À l'avenir, le défi consistera à utiliser ces ressources efficacement pour obtenir des résultats durables. Pendant la période qui a suivi la révolution orange, les outils du Partenariat spécifique montré que c'était possible. La Commission OTAN-Ukraine et son ensemble de comités et d'outils programmatiques peuvent garantir une circulation fluide de l'information, assurer une gestion conjointe et maintenir le lien entre le dialogue politique et les travaux pratiques. Le rôle que la Représentation de l'OTAN en Ukraine est naturellement appelée à jouer, c'est d'harmoniser les travaux des différents acteurs – les programmes de l'OTAN, les Alliés et les institutions ukrainiennes –, ce processus étant la clé du succès. Le mécanisme des fonds d’affectation spéciale permet de faire en sorte que des projets pratiques bénéficient d'un soutien dans la durée – pour autant que les Alliés y consacrent une part suffisante de leurs budgets nationaux.
Parmi la multitude de projets pratiques, il s'agira de ne pas ignorer les niveaux politique et stratégique, ainsi que leurs liens avec les débats dans la société au sens large. La communication stratégique a un rôle important à jouer ; il en va de même des efforts visant à renforcer les liens entre les stratèges au sein de l'Alliance et en Ukraine, et à leur permettre de prendre part au dialogue sur les orientations et les réformes.
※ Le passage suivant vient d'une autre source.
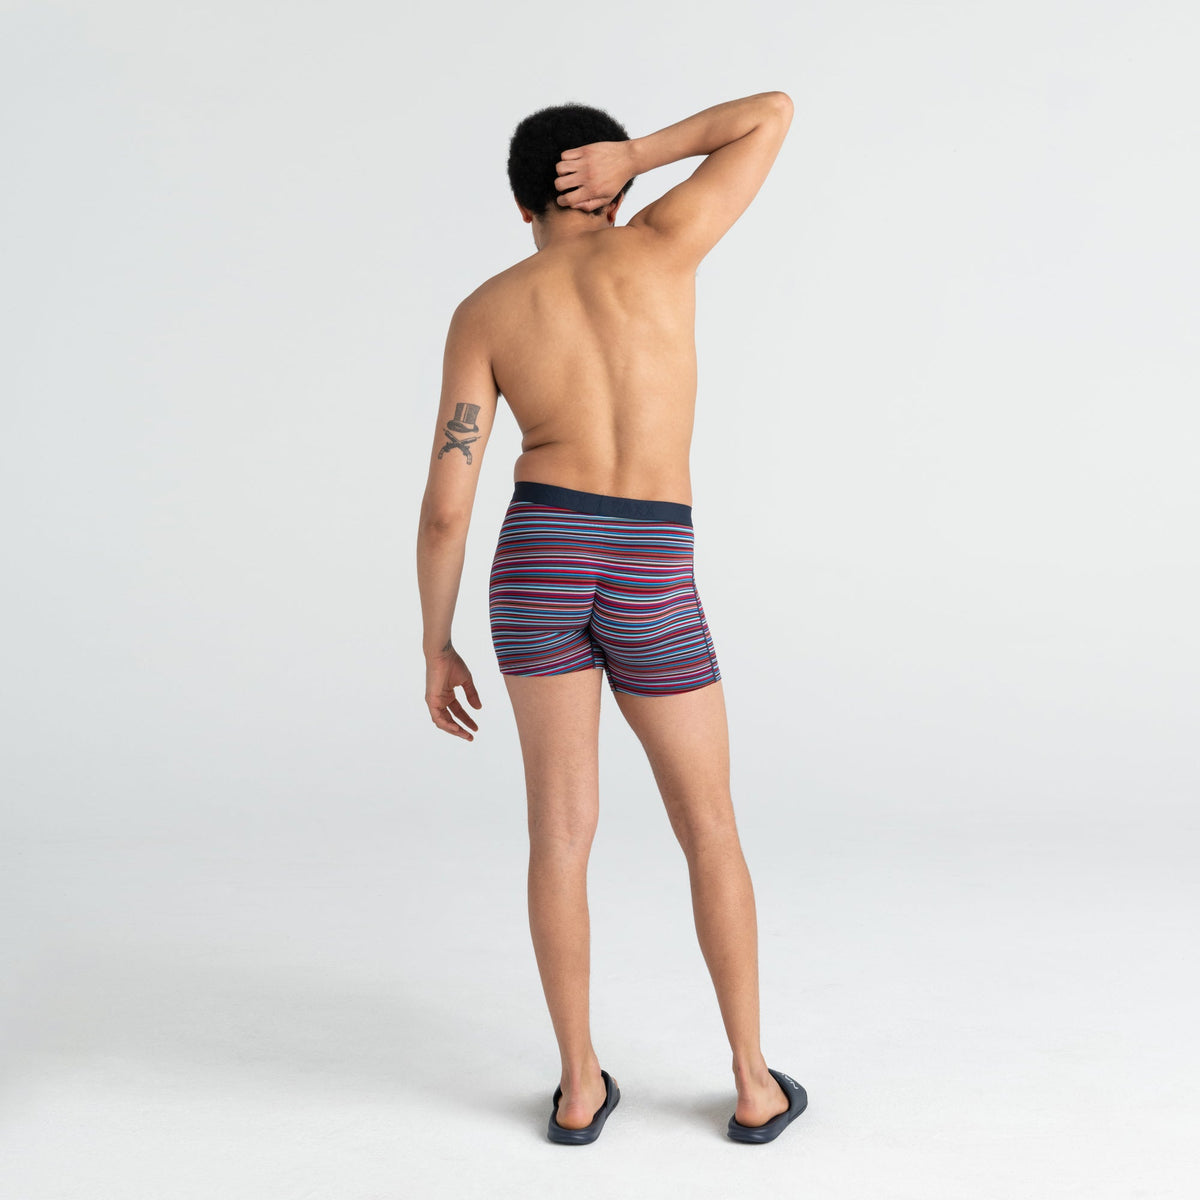 Sous-vêtement pour homme par Saxx | SXBM35 VBB | Boutique Vvög, vêtements mode pour hommes
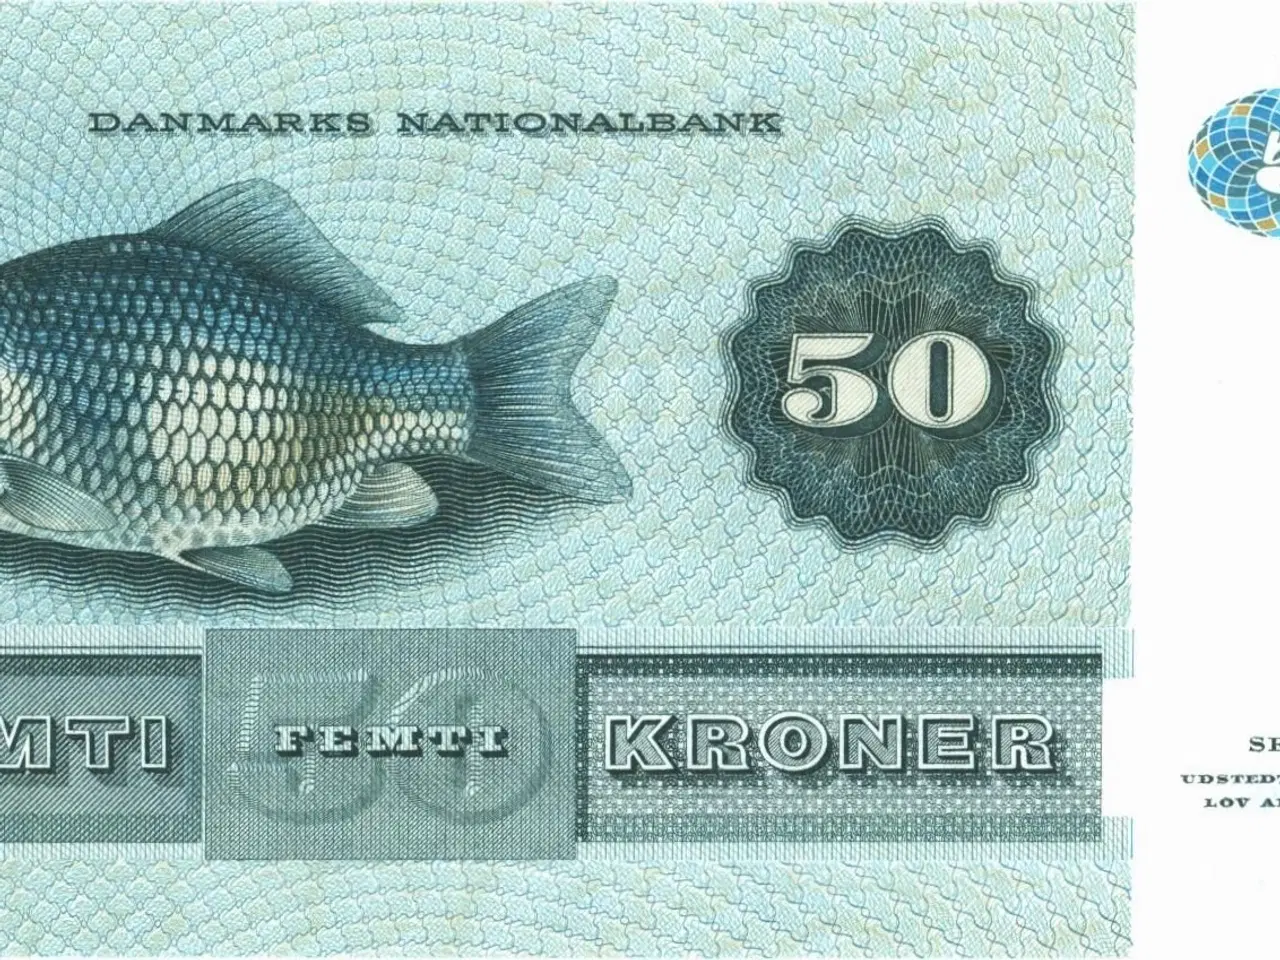 Billede 2 - DK. 50 kr. seddel fra 1985

Enfin et surtout, l'Alliance doit garder à l'esprit que l'un des plus grands succès du Partenariat spécifique est d'avoir permis de créer des affinités sur le plan humain, affinités nées de la coopération à l'appui de valeurs communes. C'est dans le cadre du PPP et des opérations de l'OTAN que les forces armées ont le plus travaillé côte à côte au quotidien. Maintenant, que le centre de gravité des opérations ukrainiennes s'est déplacé dans l'est du pays – où des restrictions ont été imposées aux activités du personnel de l'OTAN et des pays de l'Alliance –, ces contacts réguliers risquent d'être moins fréquents.
Une autre menace pèse sur les liens ainsi créés : le ressentiment persistant dû à ce que l'Ukraine considère – à juste titre dans une certaine mesure – comme une première réponse inadéquate des Occidentaux à ses demandes d'assistance dans le domaine de la défense suite à l'invasion russe au début de l'année 2014. Ce ressentiment nuit à l'autorité morale et au capital politique dont jouit l'Alliance aux yeux des Ukrainiens, ce qui entrave les efforts déployés pour résoudre les problèmes.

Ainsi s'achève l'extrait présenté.